Photo: Former Justice Minister Herbert Volney was sacked due to his role in the Section 34 fiasco.

It’s not that we had not been warned. Vidia Naipaul and Earl Lovelace in their books and Lloyd Best and Raffique Shah in the daily and other newspapers detailed our condition, only to be derided as unpatriotic, over-cerebral or ultra-militant. As if they were deities worthy of the greatest adulation, we clung to our symbols of influence and affluence, creating a sense of entitlement which has left current and future generations with a legacy of social and political apathy.

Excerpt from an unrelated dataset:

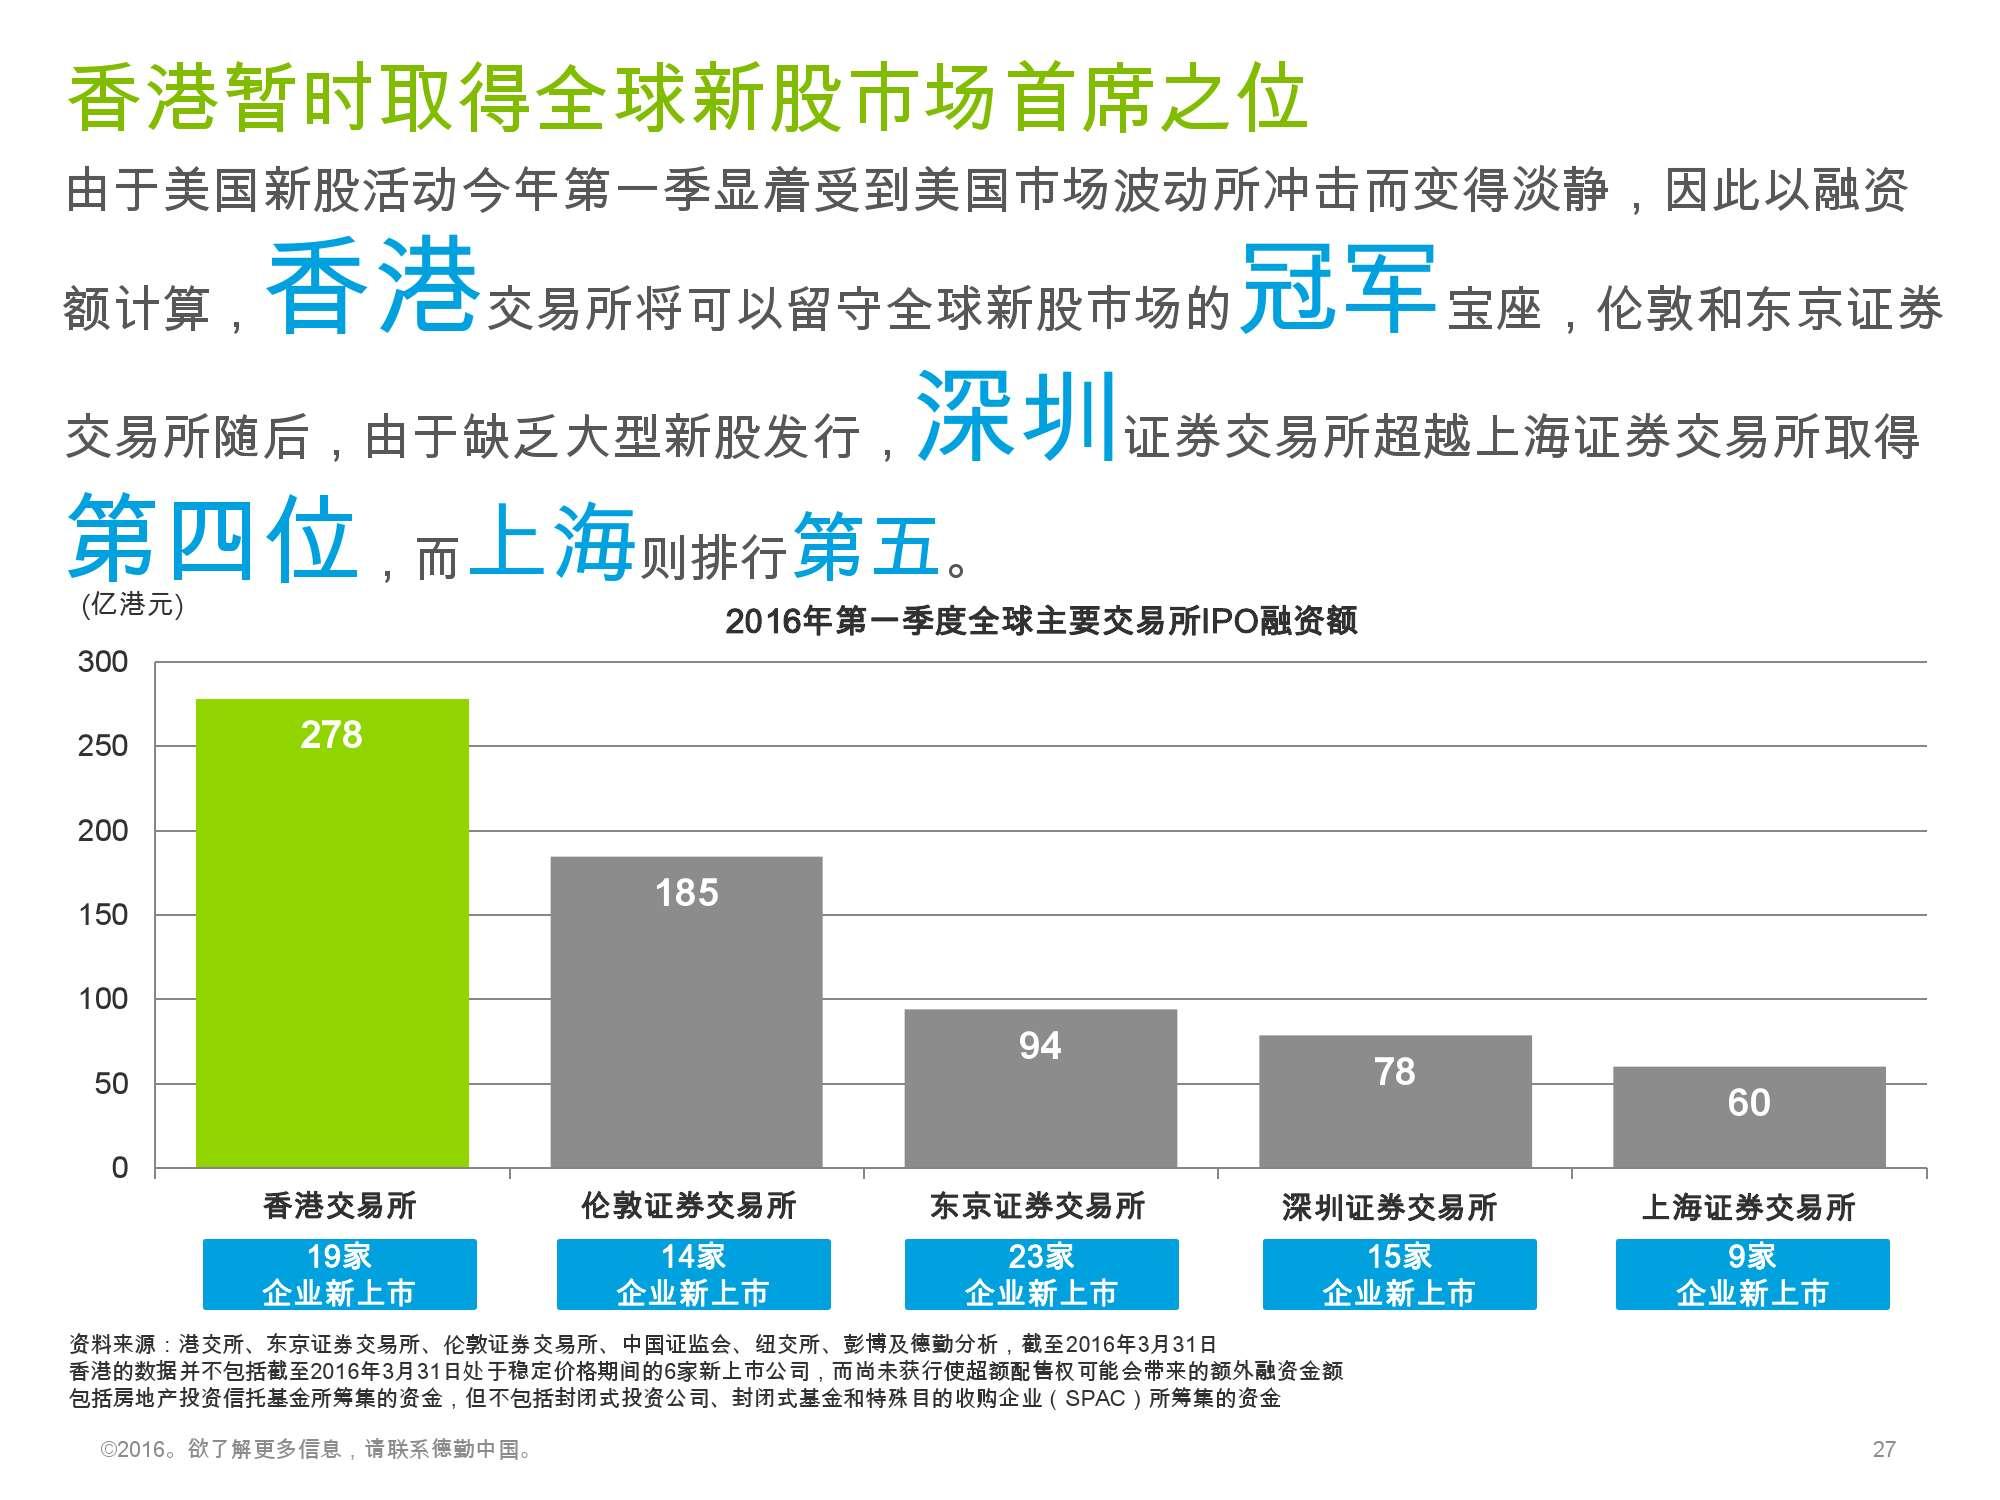 香港及中国大陆IPO市场2016年1季度_000027

So what does one call a populace which has allowed itself to be so ruled and afflicted for half a century or more, arguably because of the quality of the scraps the gangs have been careful to let fall into our collective plate?


My answer is “Slumdogs.” We need look only at the recent Local Government Elections to confirm our slumdog status: PP gang declining, PNM gang ascending.

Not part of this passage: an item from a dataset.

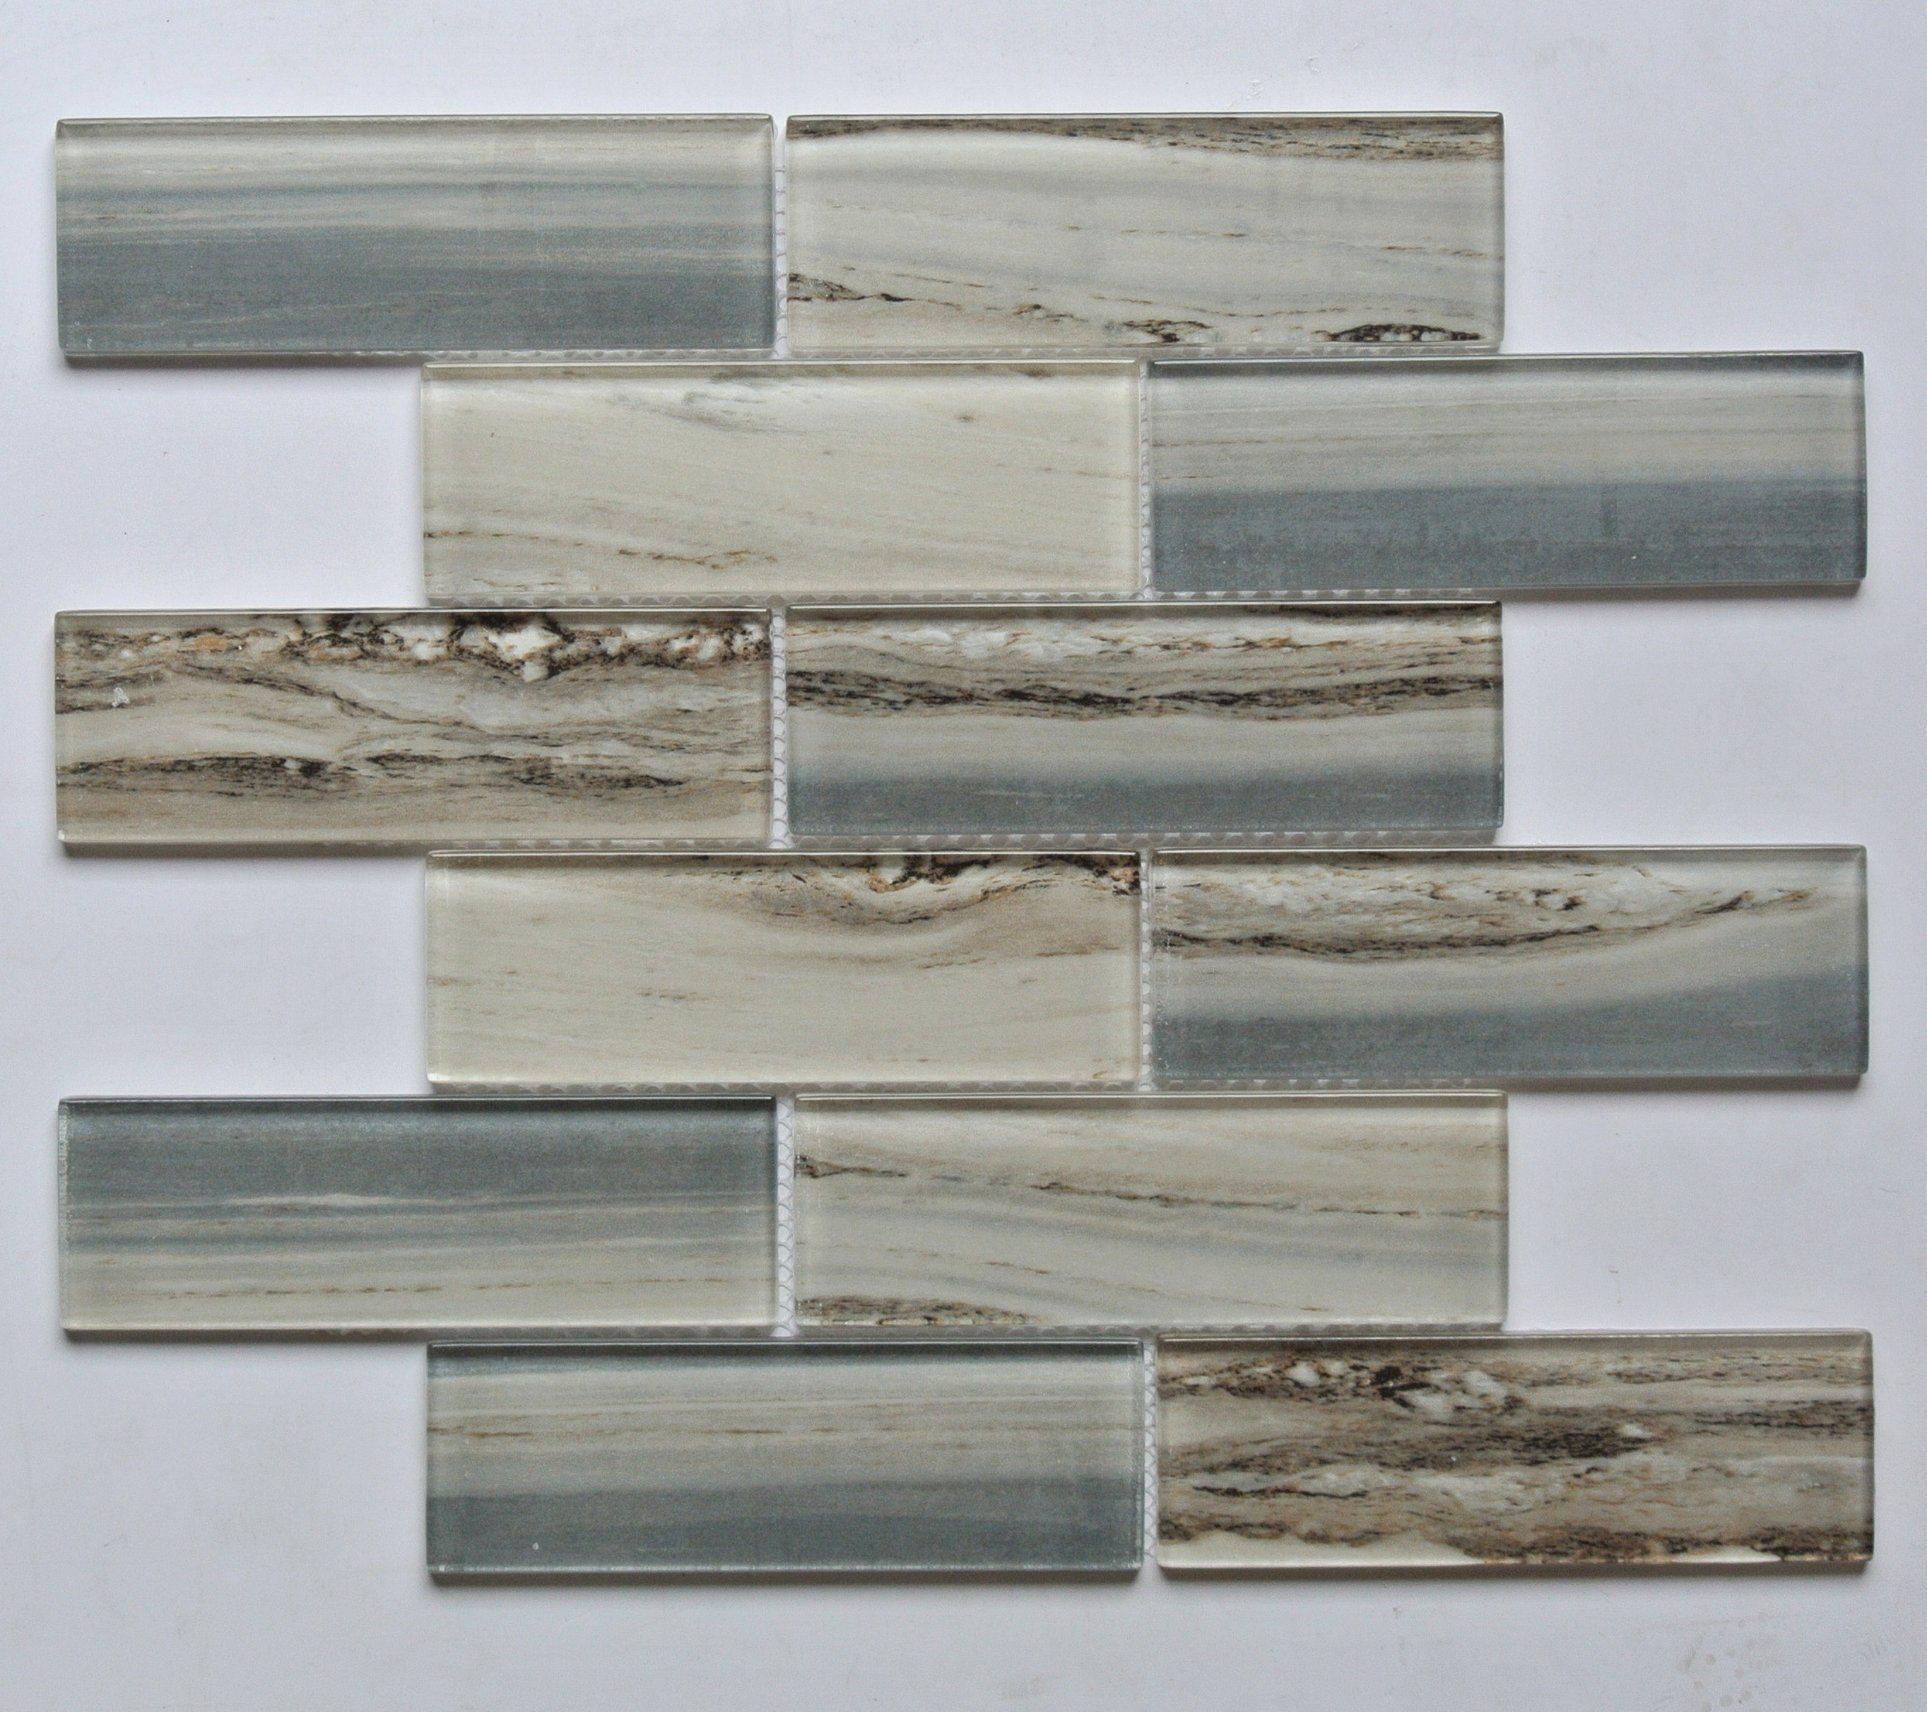 China High Quality Wooden Pattern Laminated Crystal Glass Mosaic Backsplash Glass Mosaic Wall Tiles G849015 B China Glass Mosaic Mosaic Tile

Recent history makes it clear that the People’s Partnership cannot lead people out of a paper bag, let alone a country out of the morass into which the PP’s predecessors, of varied political persuasions, have blithely precipitated it. What, pray, does it tell us about ourselves that, after so many years of insipid and sterile governance, which laid the foundations for the extensive, mind-boggling wastage and corruption we see clearly today, the PNM can still lay claim to political relevance?

Photo: PNM Political Leader Keith Rowley.
Photo: New PNM Political Leader Keith Rowley.

Still, we continue to look for relief to the same old slumlords, the same old gangsters who have brought us to this sorry pass. Do we truly need Keith Rowley or Kamla Persad-Bissessar to mislead us, to keep bleeding us slowly, draining our lifeblood while we smile, wine and jam?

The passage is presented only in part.